We are half way there. So, was Yamani right? Few in today’s oil industry think so. In January, Exxon predicted that oil, gas, and coal will still meet 80% of the planet’s energy needs in 2040 and beyond. This view is shared throughout the industry and most of the energy commentariat. Reassurance is as abundant as oil.

The boundaries of the oil industry’s comfort zone are being clearly marked. The sharp fall in oil prices in nothing to worry about. As investment in new production falls – $400 billion less than a year ago – supply will be constrained. Inventories will be run down, Prices will rise again. The market will come back into balance and life will go on as before. There may be some fall out among smaller producers but the big guys will tough it out.

This comforting view is shared by everyone from BP and Shell to the International Energy Agency. If they are right, then Sheikh Yamani will have been wrong, not about the oil in the ground, but about the buyers. They will be there in 2030 just as they are now.

The international oil companies regularly publish their projections of how global energy demand will evolve over the next thirty years. Their brightly coloured charts all show pretty much the same picture as do those of public bodies such as the International Energy Agency.

Global primary energy demand is projected to reach about 17 billion tonnes of oil equivalent (btoe) by 2035. Of this, about 13 btoe will come in roughly equal proportions from coal, oil and gas. Renewables and hydro will provide about 1.5 btoe each and nuclear 1.0 btoe. This data is the foundation of the fossil industries’ argument that it is unrealistic to imagine that renewables can be scaled up fast enough to decarbonise the economy. Their contribution would need to increase 800% in thirty years. Impossible.

Expressing energy demand data as btoe handily allows you to compare each of the different energy sources on the same basis. Using a common metric means you can quickly judge the relative importance of each of the energy sources. This lets you to get a realistic view of the scale of the decarbonisation challenge.

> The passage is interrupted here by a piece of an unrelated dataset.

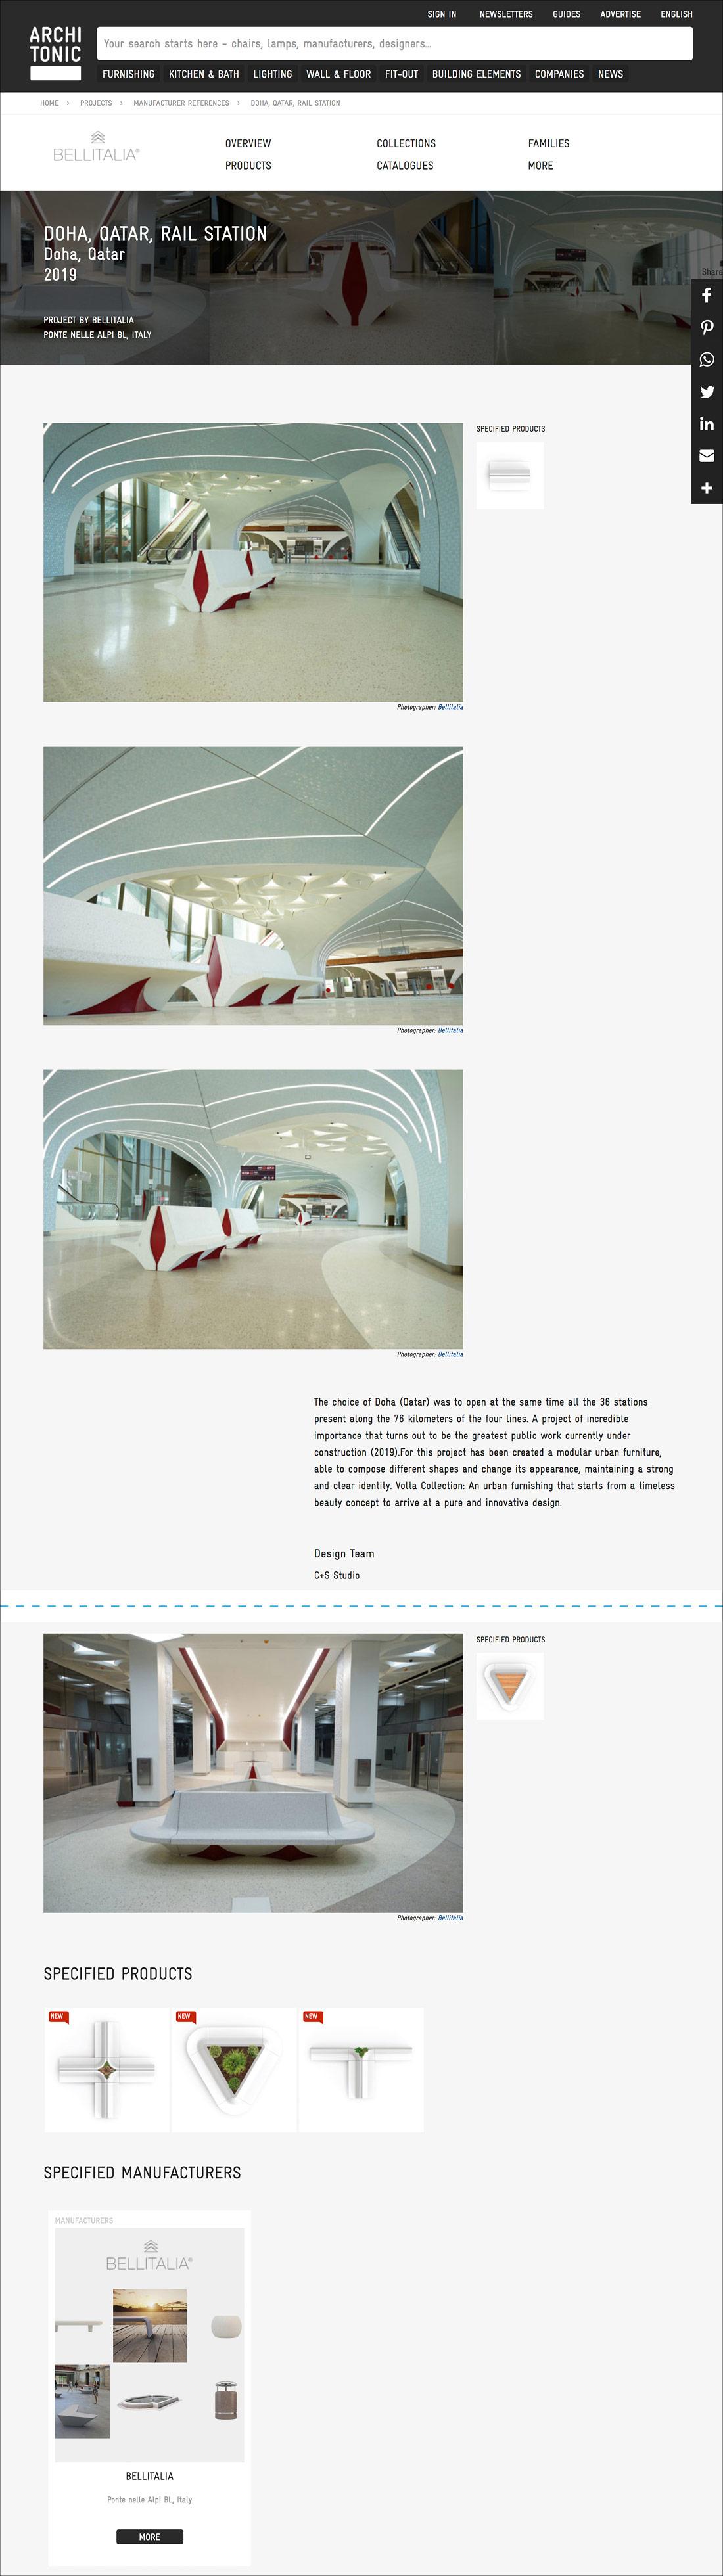 project-post_bellitalia_doha-rail-station.jpg

Except that it doesn’t. It actually conceals more than it reveals. These charts are responsible for serious misjudgments by policy makers and investors. They greatly overstate the difficulty of keeping the climate safe while maintaining energy security. Different energy sources deliver energy services to consumers in very different ways and with very different efficiency.

Almost all of the renewable primary energy ends up providing consumers with useful energy services. This is not true for fossil fuels. Much of their primary energy ends up as waste heat. The amount varies depending on whether it is coal, oil or gas. Oil, for example, is primarily used for transport, about 80% of its energy content ends up as waste heat. Overall, only about 40% of the primary energy from fossil fuels ends up delivering useful energy services to consumers.

This makes the scale of the decarbonisation challenge look rather different. The actual amount of energy services that renewables need to deliver to eliminate fossil fuels is the equivalent of some 5.2 btoe. That is an increase of only 350% … less than half of what the fossil industry would have you believe. Much more achievable.

In the real energy world you cannot convert barrels of oil, tonnes of coal or cubic feet of gas into anything other than useful energy services and waste heat. Manipulating numbers is not the same as manipulating real commodities. As Bertrand Russell pointed out, logical operations that are valid at one level of reality may not be valid at another. You learn as a child that you cannot add apples and oranges even though you can add the pence that you pay for them.

I do not know the reason why the fossil fuel industries choose to present their data in this form. I do know that it is giving them a false sense of security about their future. To a growing range of businesses in this digital age the waste heat looks like a massive opportunity. As the leaders of the fossil industries, and their shareholders, think about the outcome of COP21 they may not be looking in the right direction to see the coming disruption.